Archive for January, 2010

“Scrambling and phrase structure in synchronic and diachronic perspective” (a new PhD dissertation)

January 17, 2010

A new PhD dissertation by Joel C. Wallenberg at University of Pennsylvania.

Title: “Antisymmetry and the Conservation of c-command: Scrambling and Phrase Structure in Synchronic and Diachronic Perspective.”

Advertisements

Linguistic Web Initiative

January 10, 2010

Language Faculty

Language Faculty is the unique natural human ability to process complex syntactic structures.  Together with the “conceptual-intentional” and “senso-motor” subsystems, it facilitates the human abilities of understanding and speech.

Language Faculty is a subject of study by theoretical linguists.

Theoretical Linguistics

After many years of intensive research in the field of theoretical linguistics, there has been significant progress in the deciphering of the general properties of human language.
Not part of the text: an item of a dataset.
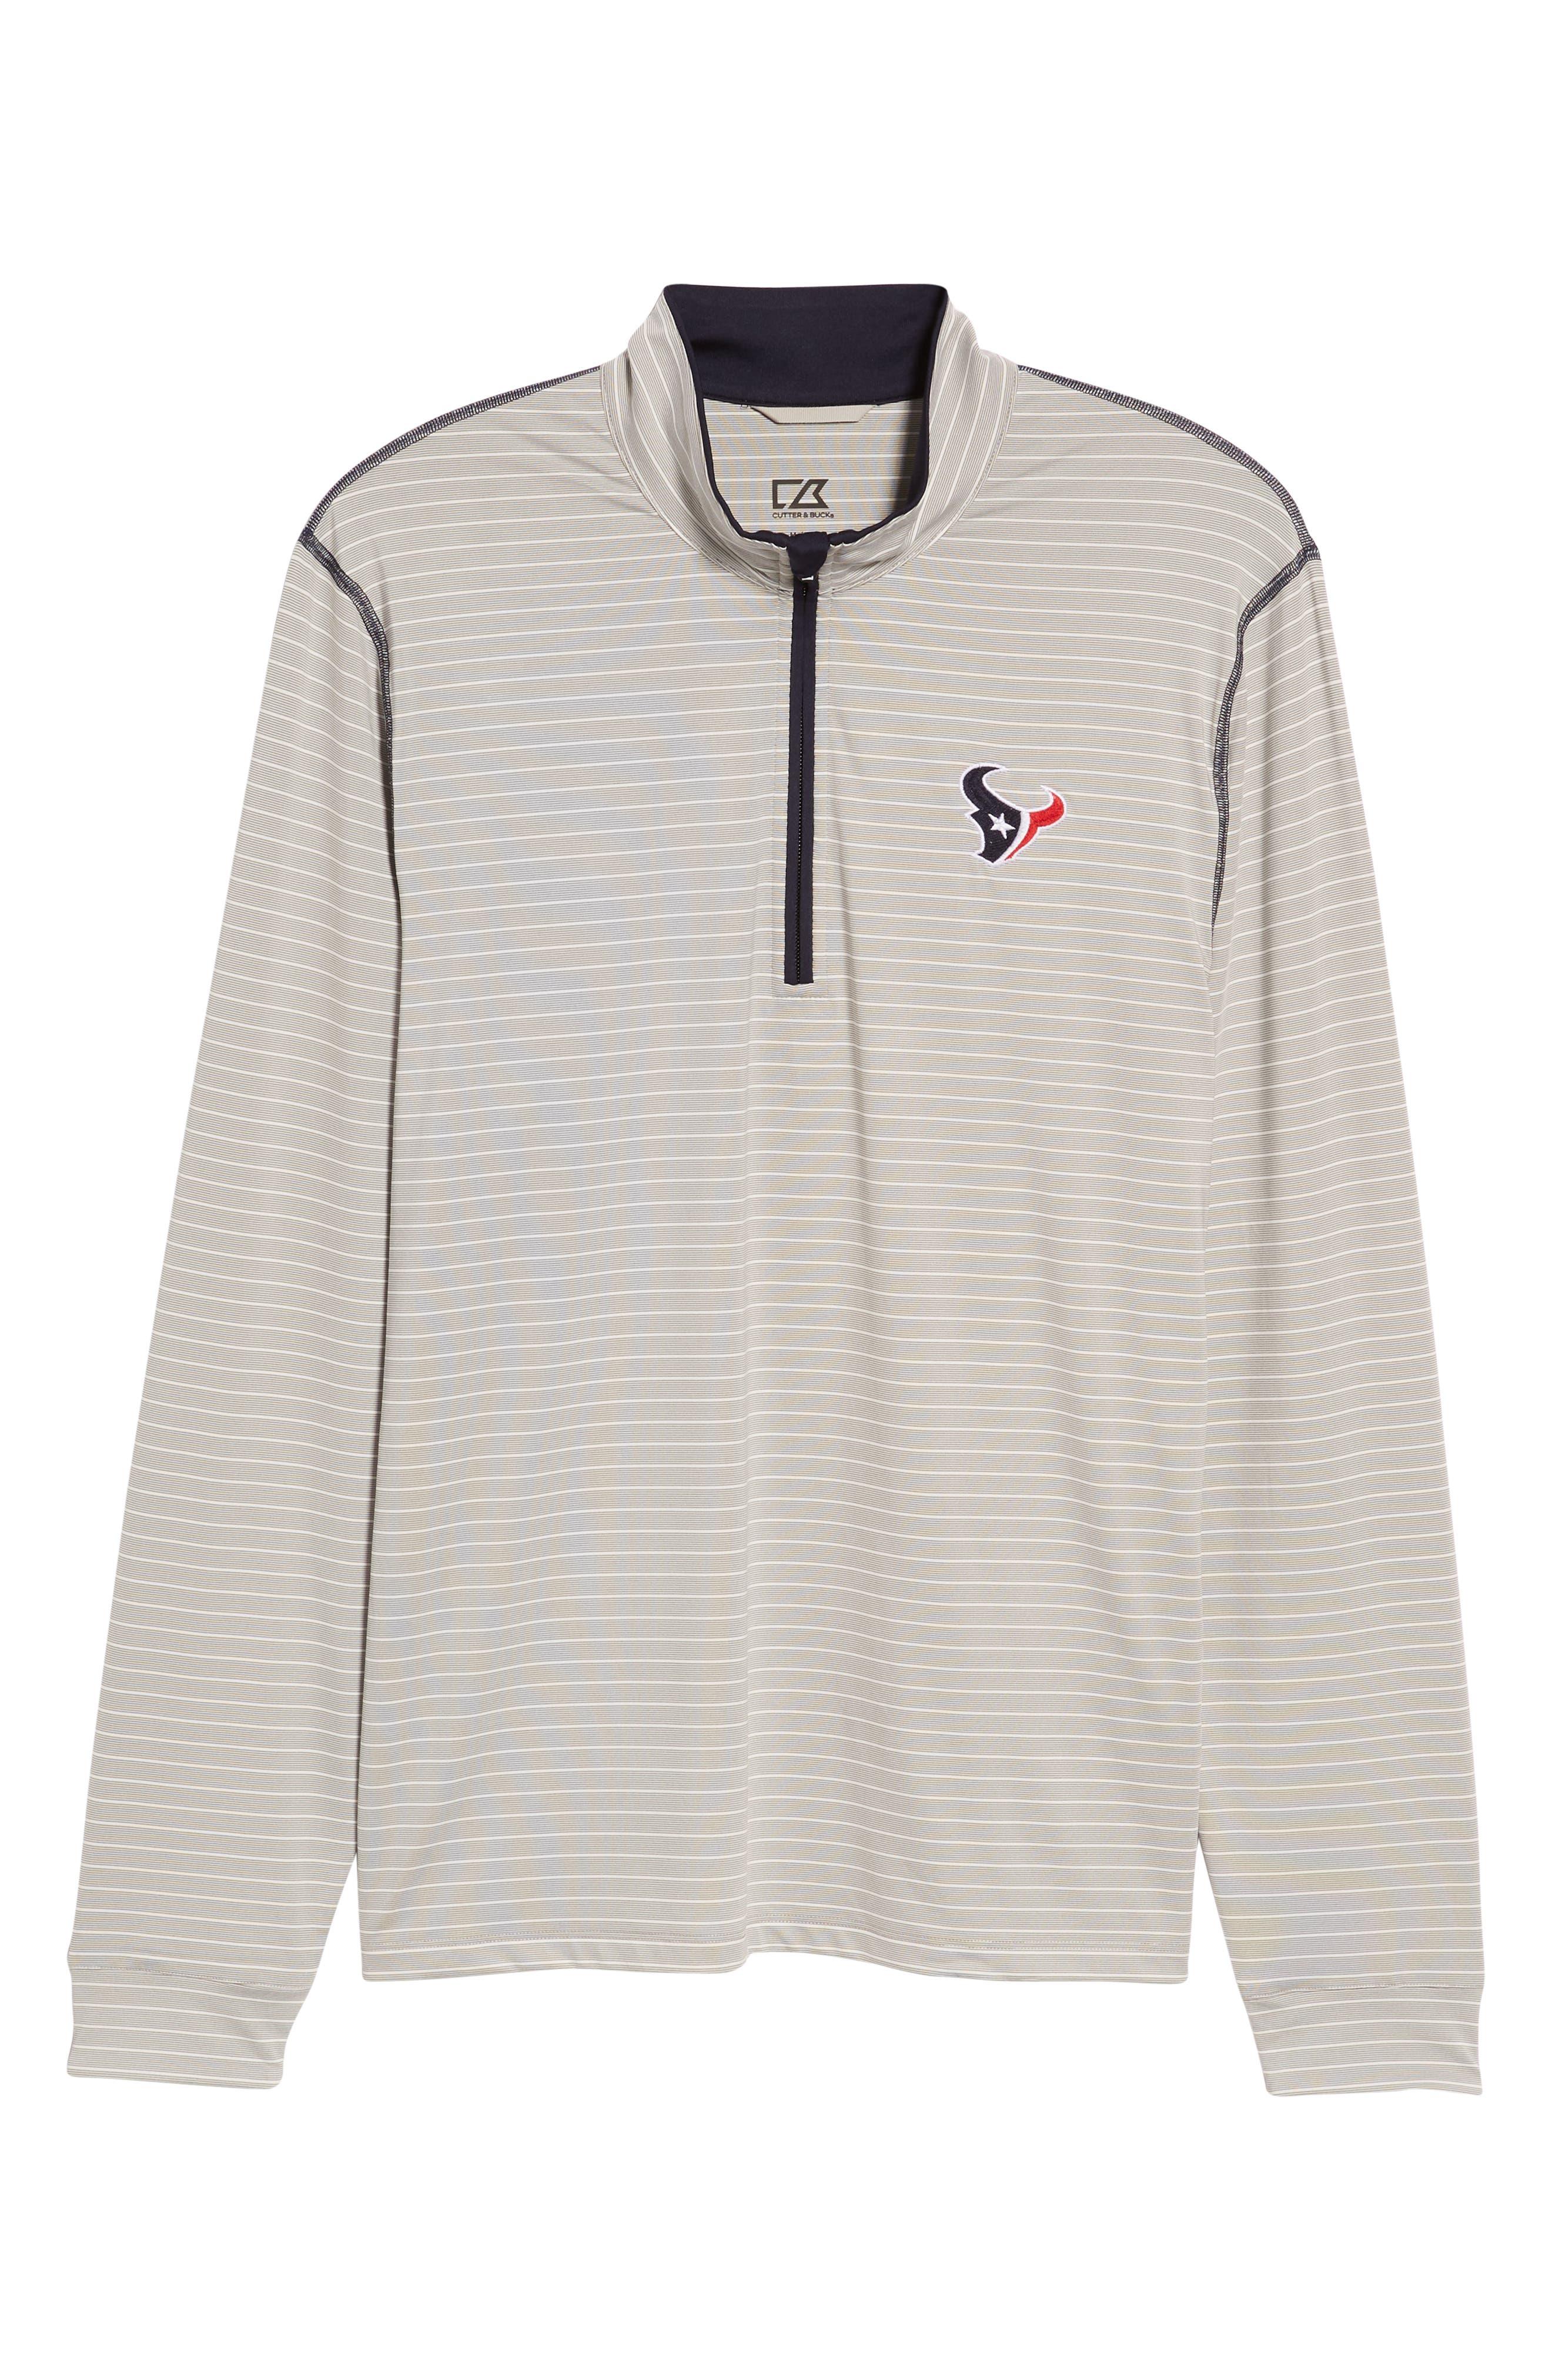 Meridian - Houston Texans Regular Fit Half Zip Pullover,                             Alternate thumbnail 6, color,                             NAVY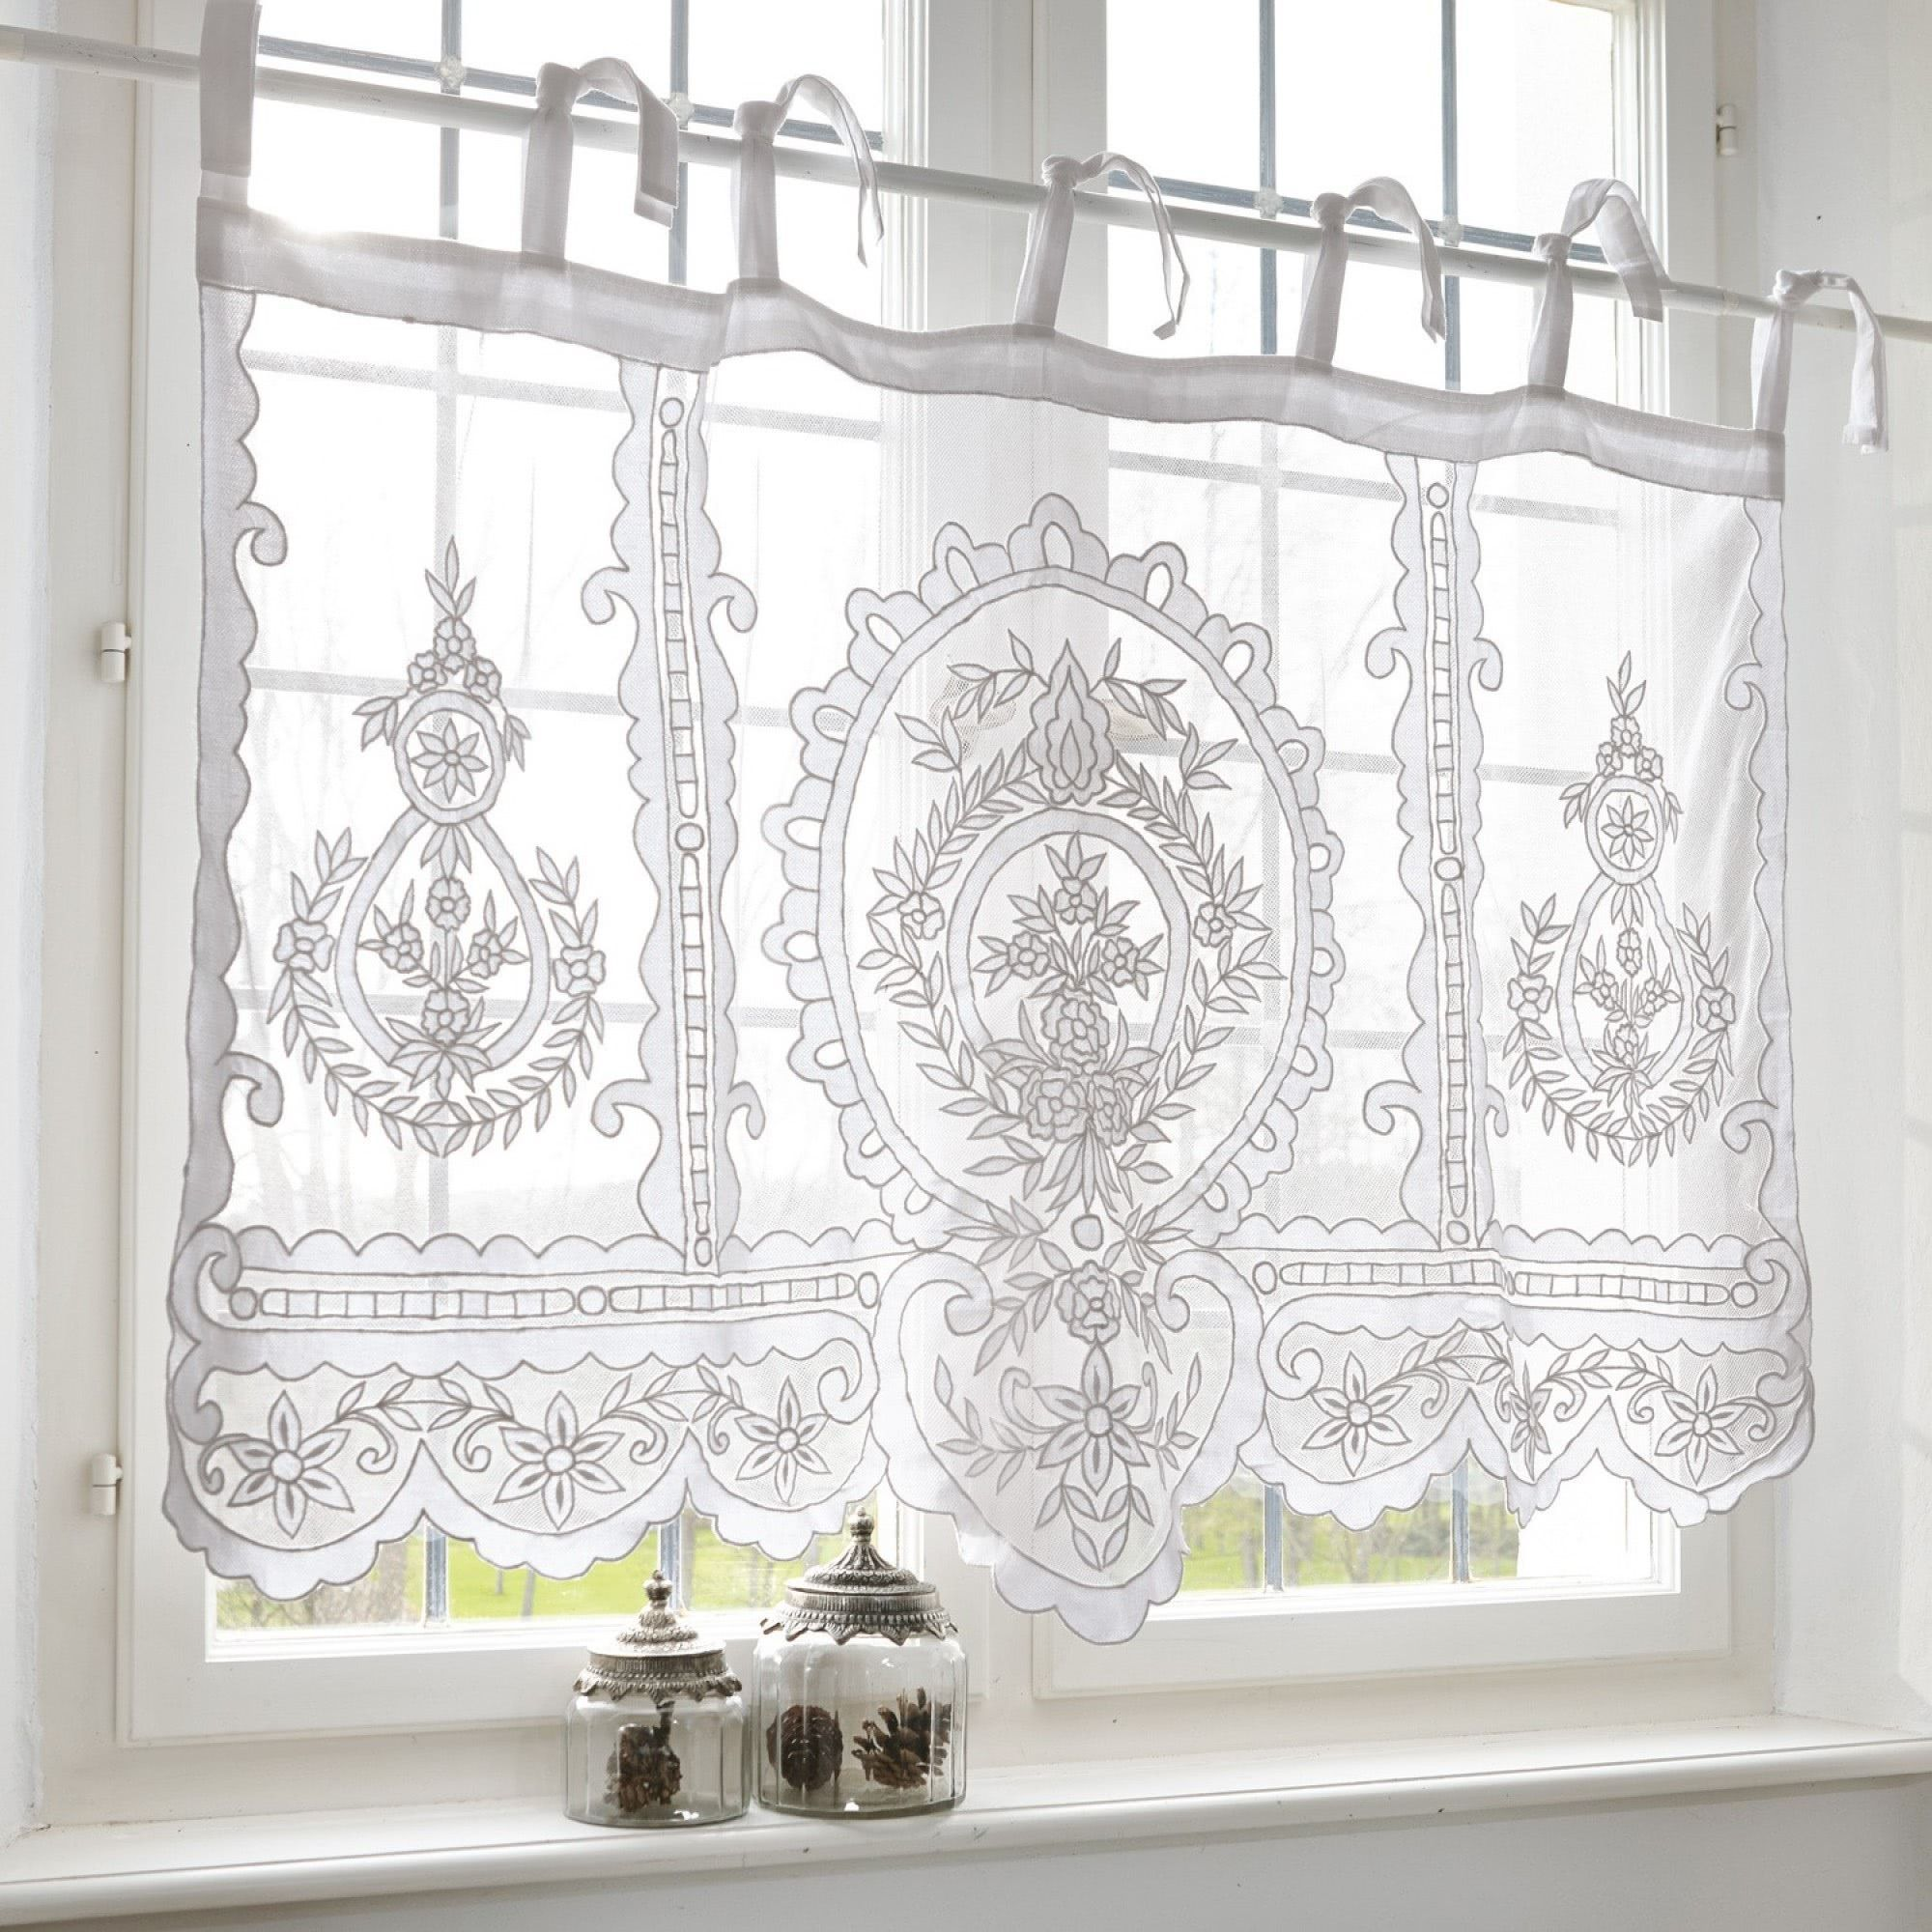 Scheibengardine Elenoire Loberon Coming Home Whitecurtains Cottage Curtains Diy Curtains Voile Curtains

The recent expansion of research beyond English and other familiar European languages has enabled the refinement and verification of the central discoveries of theoretical linguistics.

Software startups compete in how many decades of fruitful research in theoretical linguistics they choose to ignore. A typical startup skips four or five. One of the leading linguistic companies is way ahead by using a linguistic parser that implements the state of the art linguistic framework from the late eighties…

Meaning Description Language

Relying on outdated theoretical frameworks is not the only problem of today’s linguistic technologies.  Another problem is the fact that the output produced is a complex and model-dependent parse tree. This does not provide application developers with any significant advantage in comparison to dealing with plain text directly.

The progress achieved by theoretical linguistics in the study of the human Language Faculty has opened the possibility of expressing at least the partial meaning of the natural language phrases in a way which is precise and scientifically sound.

The early version of this idea was awarded the 2007 Horizon Award by Computerworld.

Linguistic Web

Standardization of the Meaning Description Language will enable the clear division of labor between providers of linguistic analysis technology on the one side, and the application developers on the other.  While Linguistic intelligence companies will provide the service of translating the natural language to the standard formal meaning description language, the language oriented applications will put these results to practical use.  This, in turn, makes the Linguistic Web possible.

The Scientific Infrastructure for the Linguistic Web

January 5, 2010

There are two major pre-requisites for the emergence of the Linguistic Web:

1) A solid Linguistic Parser

2) An extensive Lexical Semantic Database

Not only do these two elements need to exist – they must also be generally available to developers worldwide. We will now examine what is the current status of each one of these two crucial components of the Linguistic Web.

Linguistic Parser

Just about everybody has heard about the big buzz generated by Powerset’s acquisition by Microsoft. This is just an example of the magnitude of effort needed for the development of realistic, industrial strength linguistic software.  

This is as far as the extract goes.